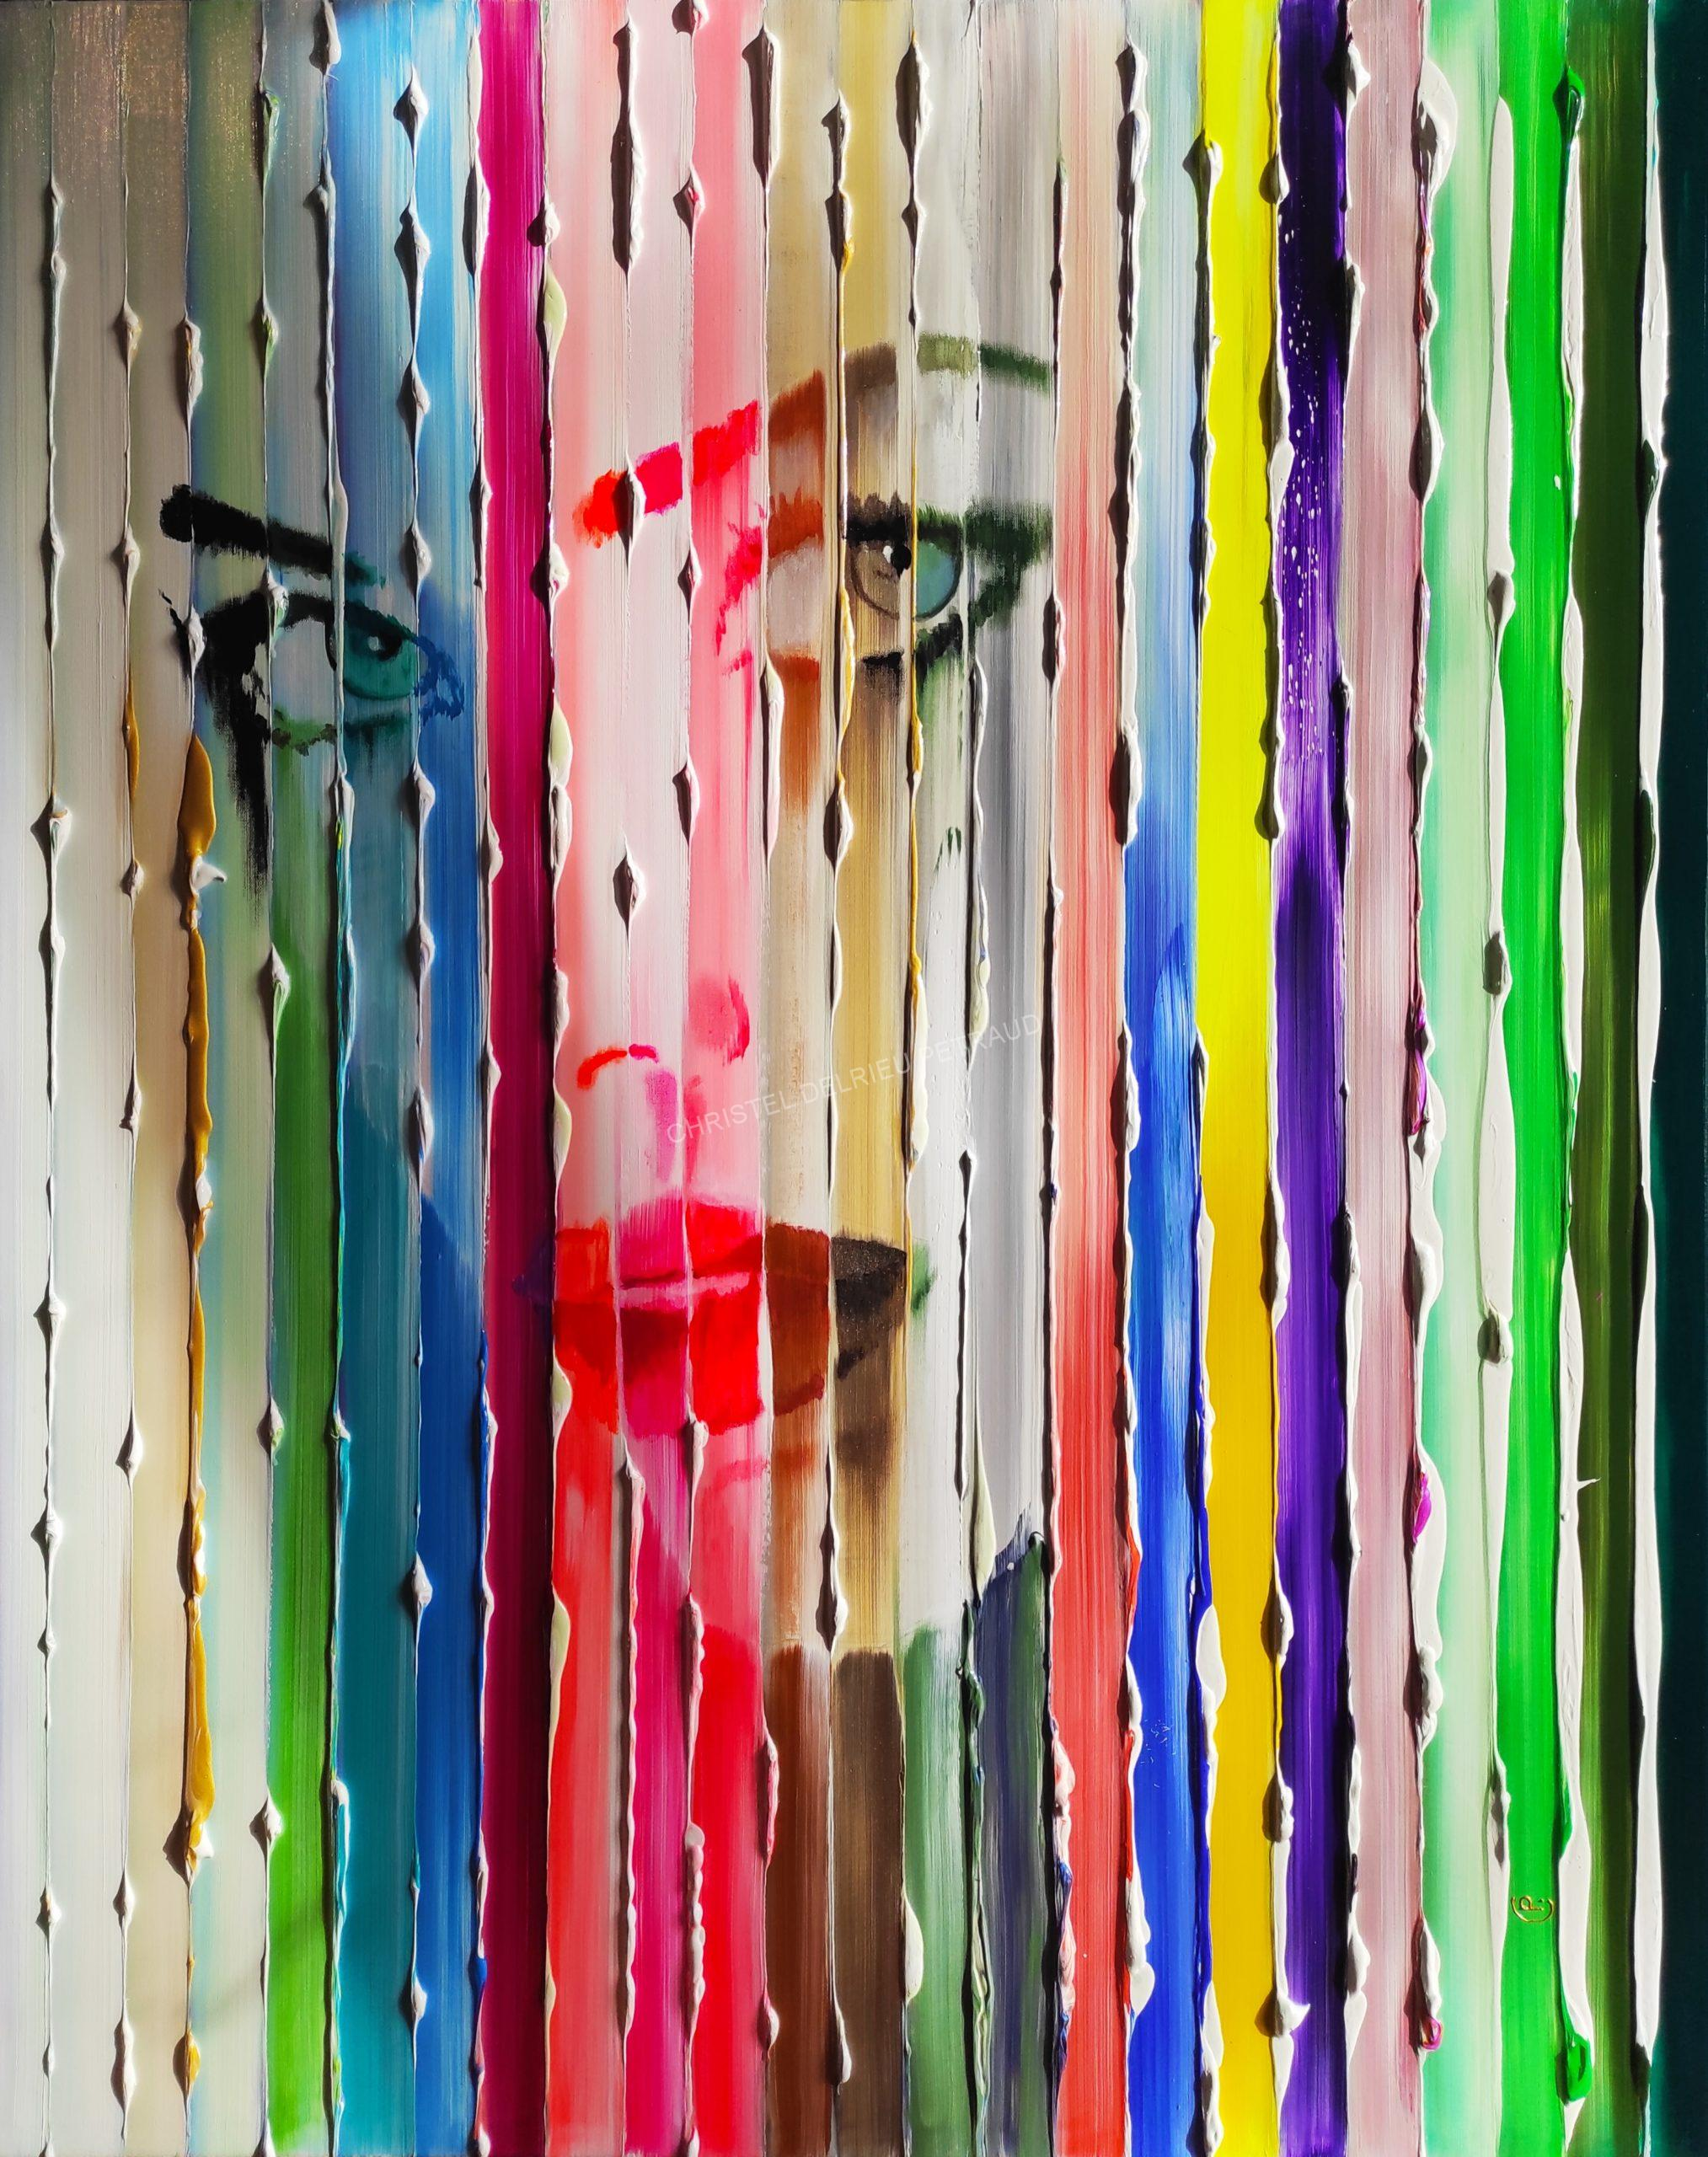 Artwork by Christel delrieu petraud
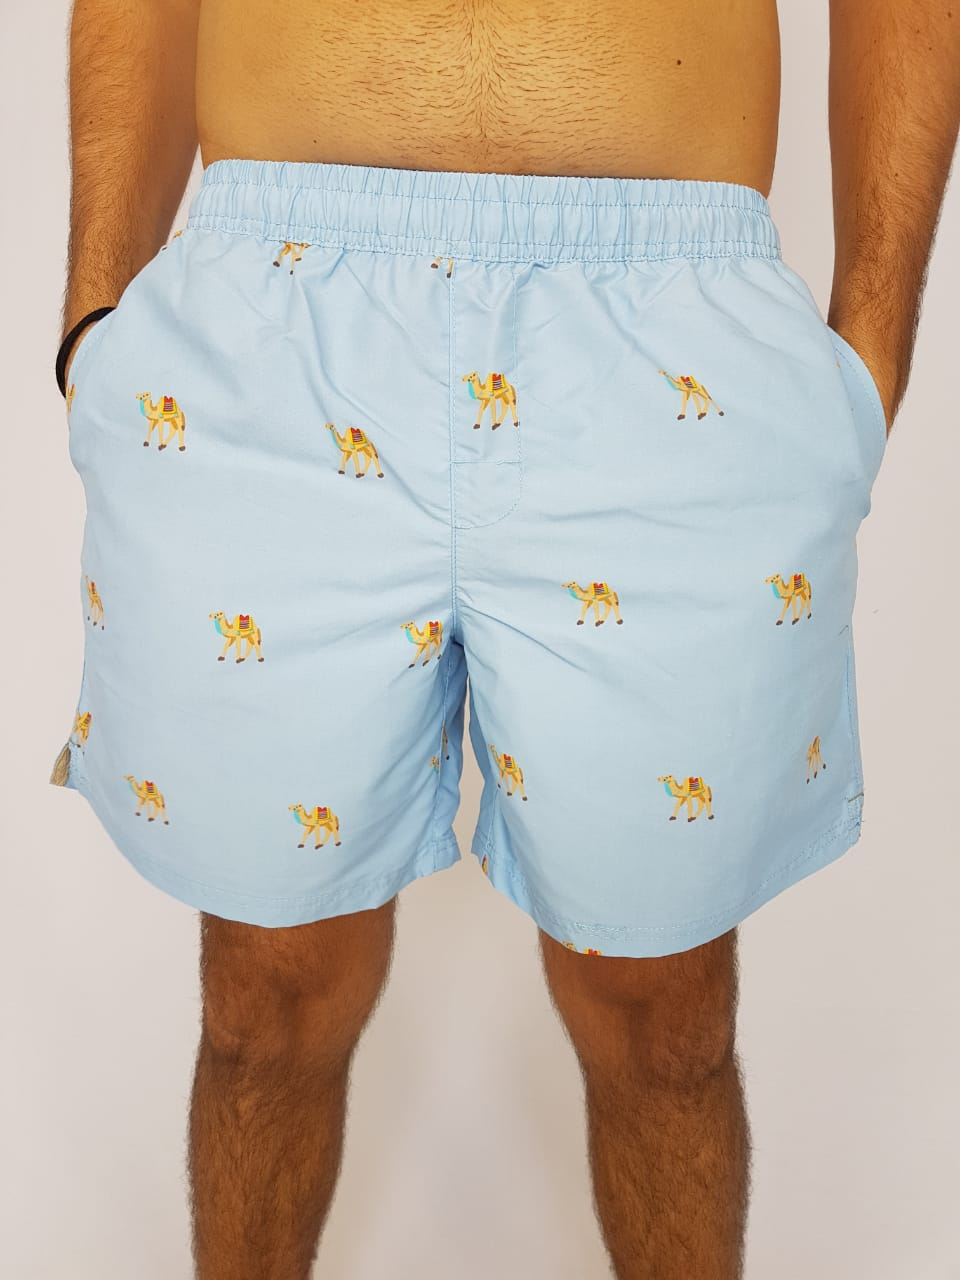 Shorts Masculino Estampado Camelo YachtMaster  - Pick Tita
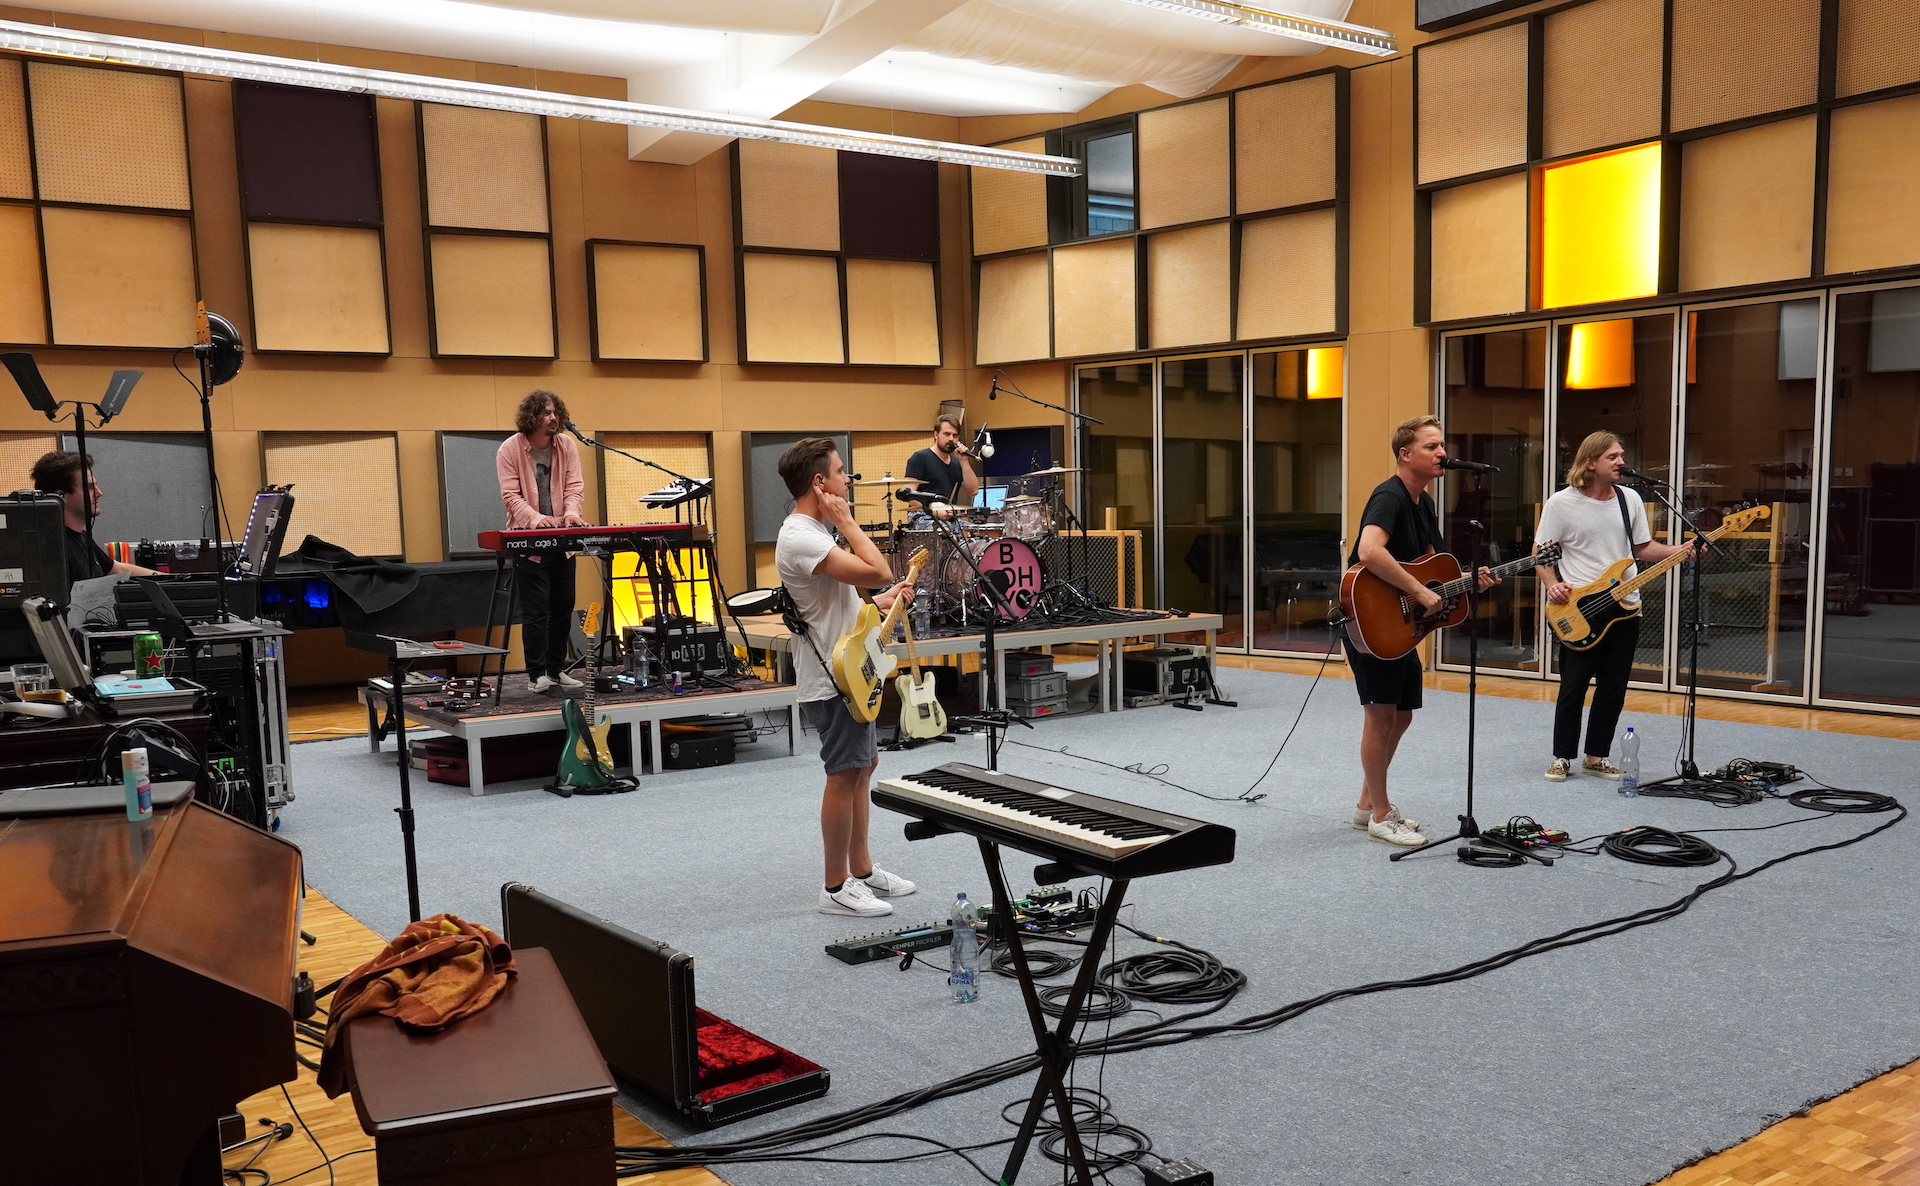 Band Hecht Probeweekend im Tonstudio Gabriel Recording

# # # # # # #

Try it: Write out each line again, exactly as it appears above, except for any picture.

Problem solution:
 Artwork by Christel delrieu petraud
 Shorts Masculino Estampado Camelo YachtMaster  - Pick Tita
 Band Hecht Probeweekend im Tonstudio Gabriel Recording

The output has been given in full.